The reproductive output of plants is directly determined by the silique (or spikelet) number, seed size, and seed number (Li et al., 2019). Given the expression patterns of LecRK-VIII.2, we examined the function of LecRK-VIII.2 in controlling seed growth and development. Compared with the dry seeds from wild-type (WT, Columbia-0) plants, the lecrk-VIII.2 mutant seeds exhibited significantly reduced length and width, resulting in seeds with a rounded appearance, while the seeds from the OE7 line were obviously bigger and heavier than the WT seeds (Figure 2, D–F and Supplemental Figure S2, A–D). This demonstrates that LecRK-VIII.2 positively controls seed size and weight. Moreover, the lecrk-VIII.2 mutants produced less seeds per silique, while the OE7 line formed more than WT plants (Figure 2, G and H), indicating that LecRK-VIII.2 increases the number of seeds in each silique. Interestingly, when the number of siliques and total seed yield per plant were measured, we observed that the lecrk-VIII.2 plants obviously formed more siliques and the OE7 lines but produced less than WT plants. The seed output of the lecrk-VIII.2 mutants was significantly higher than that of the WT, whereas OE7 plants exhibited a similar reproductive output to the WT (Figure 2, I and J). In summary, lecrk-VIII.2 mutants develop small seeds, but increase seed yield by forming more siliques and seeds. Plants overexpressing LecRK-VIII.2 produce big seeds, but stabilize their reproductive output by reducing the amount of siliques and seeds. This reveals that LecRK-VIII.2 acts as a key regulator to determine seed yield by coordinating seed size, silique number, and seed number.

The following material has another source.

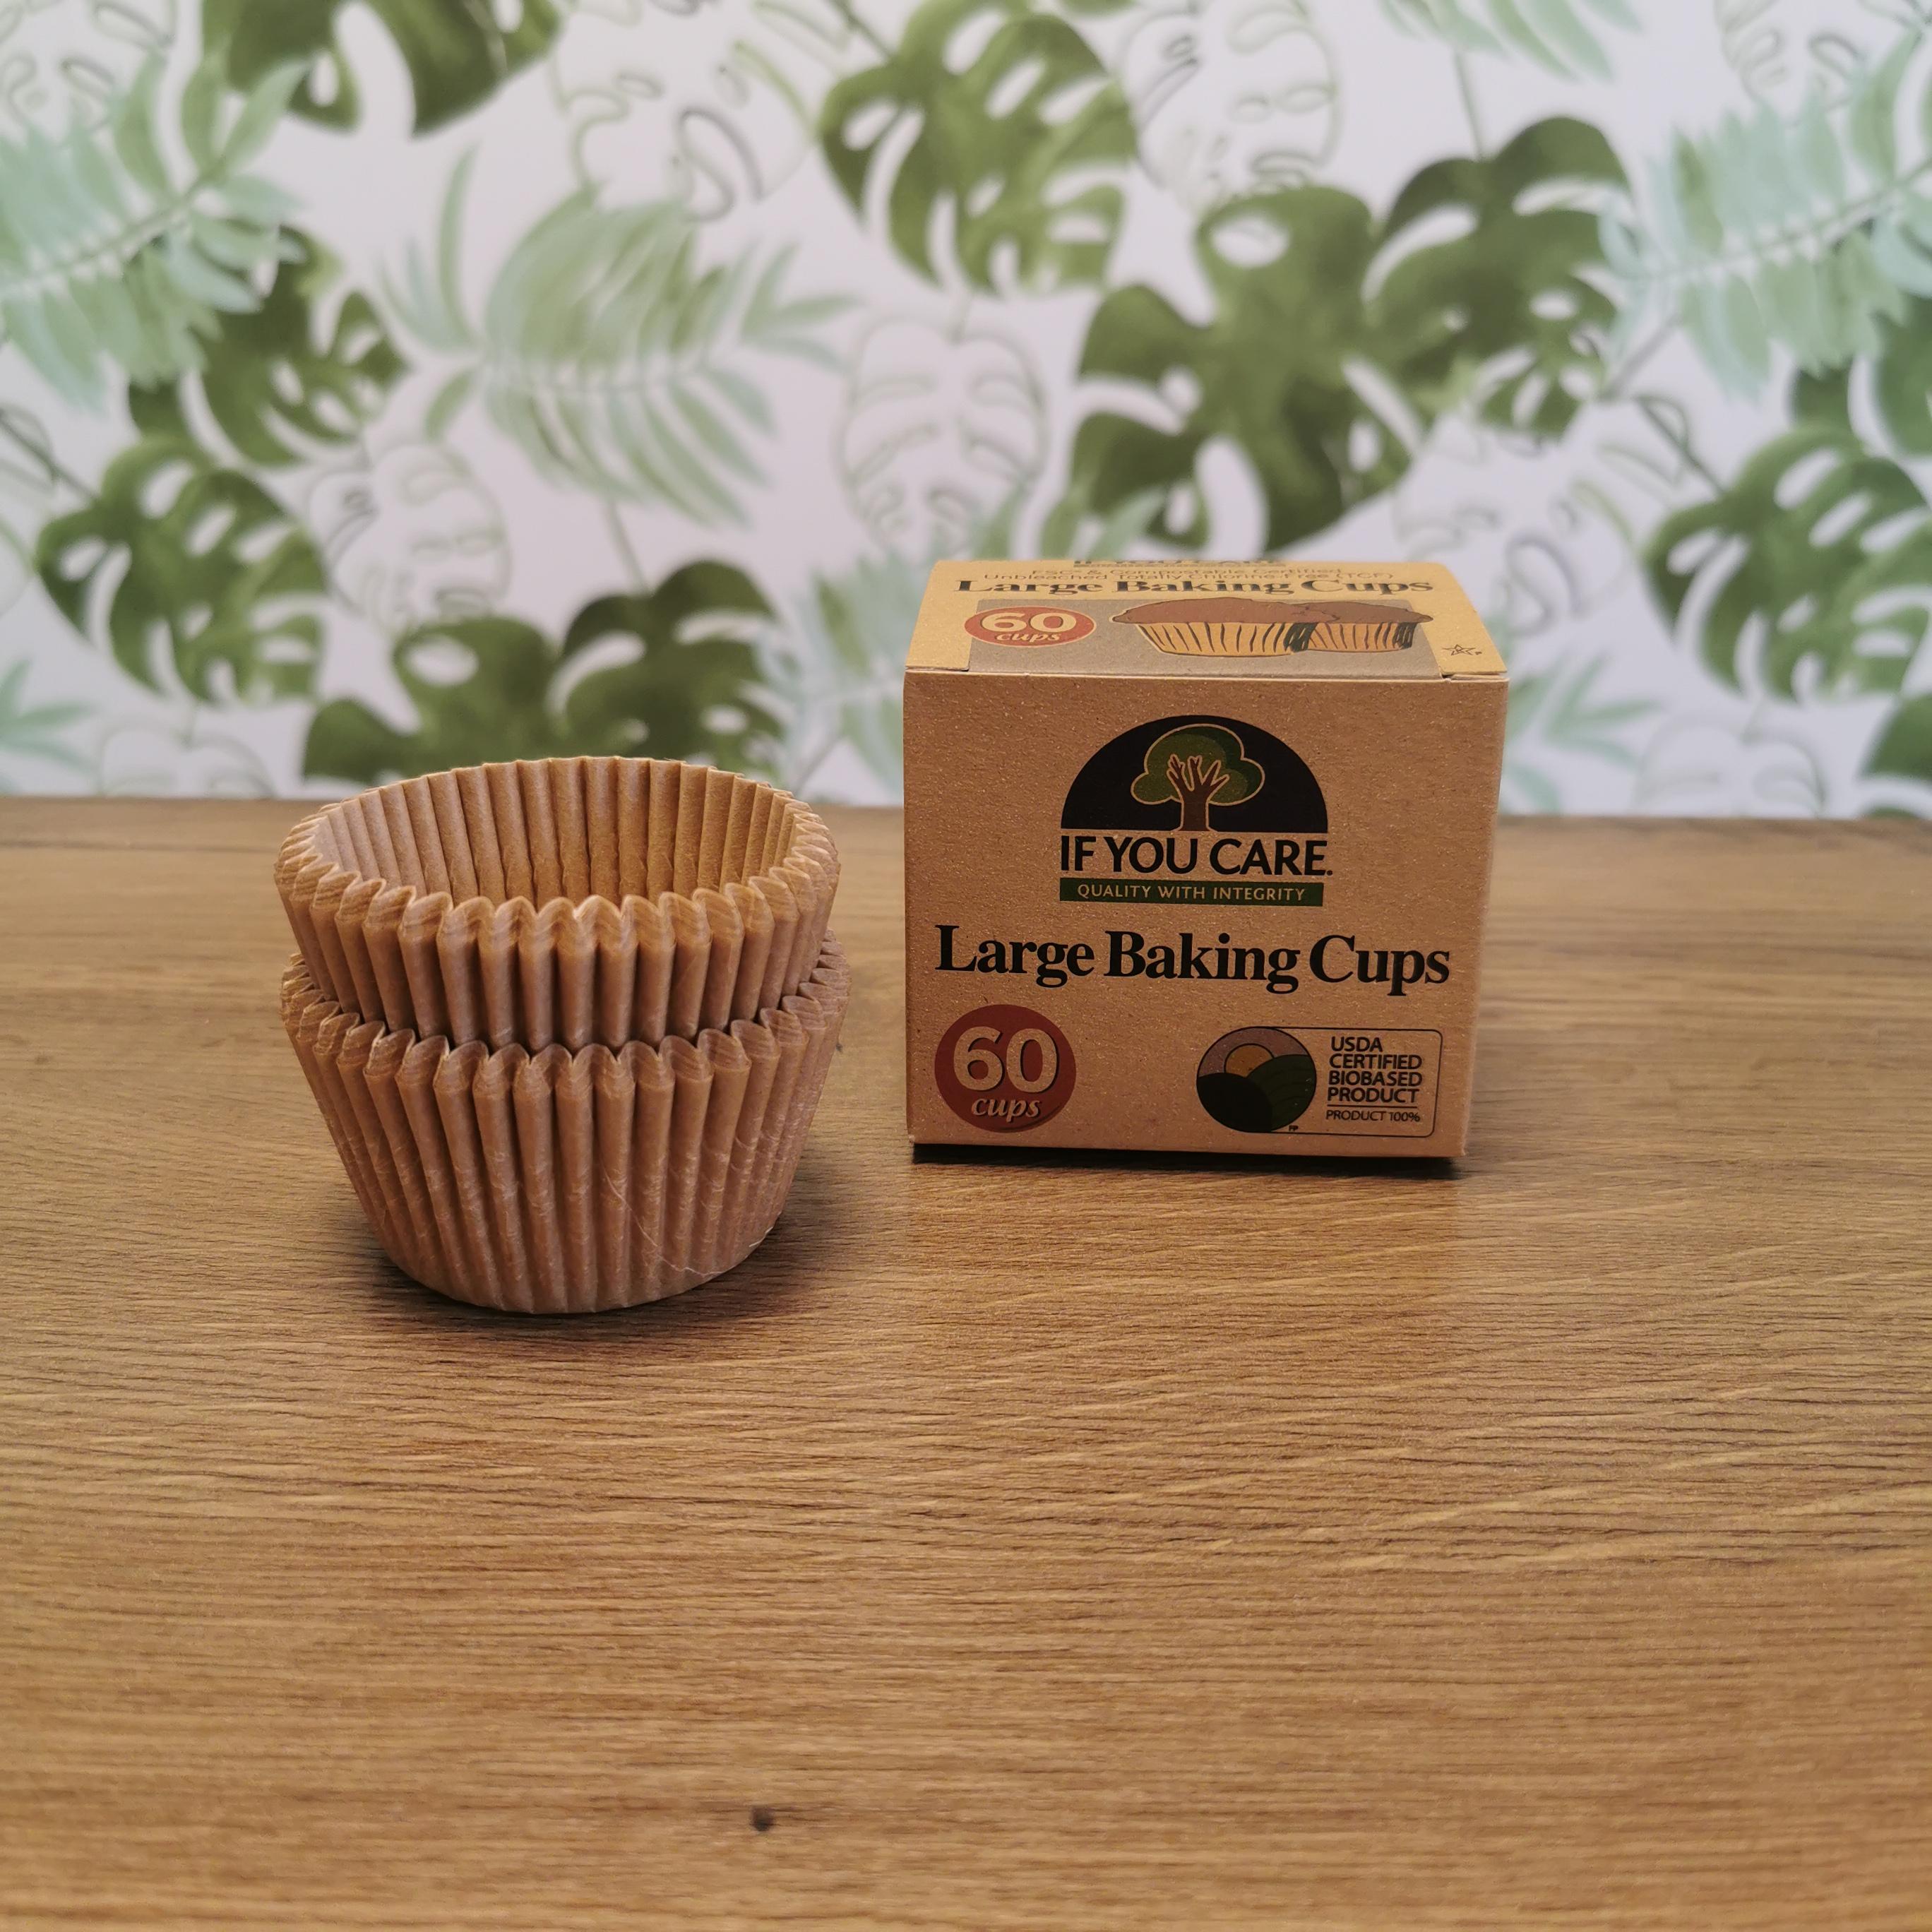 If You Care Oblekta Muffinsformar

LecRK-VIII.2 coordinates the source–sink relationship among shoots, roots, and seeds

Generally, source is defined as the capacity of net carbohydrate export in mature leaves, while sink means seeds, tubers (stems), and fruits that accumulate and consume carbohydrates. Seed yield is the cumulative result of both the strength of source and sink for photoassimilates and nutrients during seed development (reviewed in Smith et al., 2018). Given that the reproductive output was controlled by LecRK-VIII.2, we further asked whether it affected the energy flow between the source and the sink. Thus, we measured the organ size and biomass of the rosette, root, and stem in the different genotypes.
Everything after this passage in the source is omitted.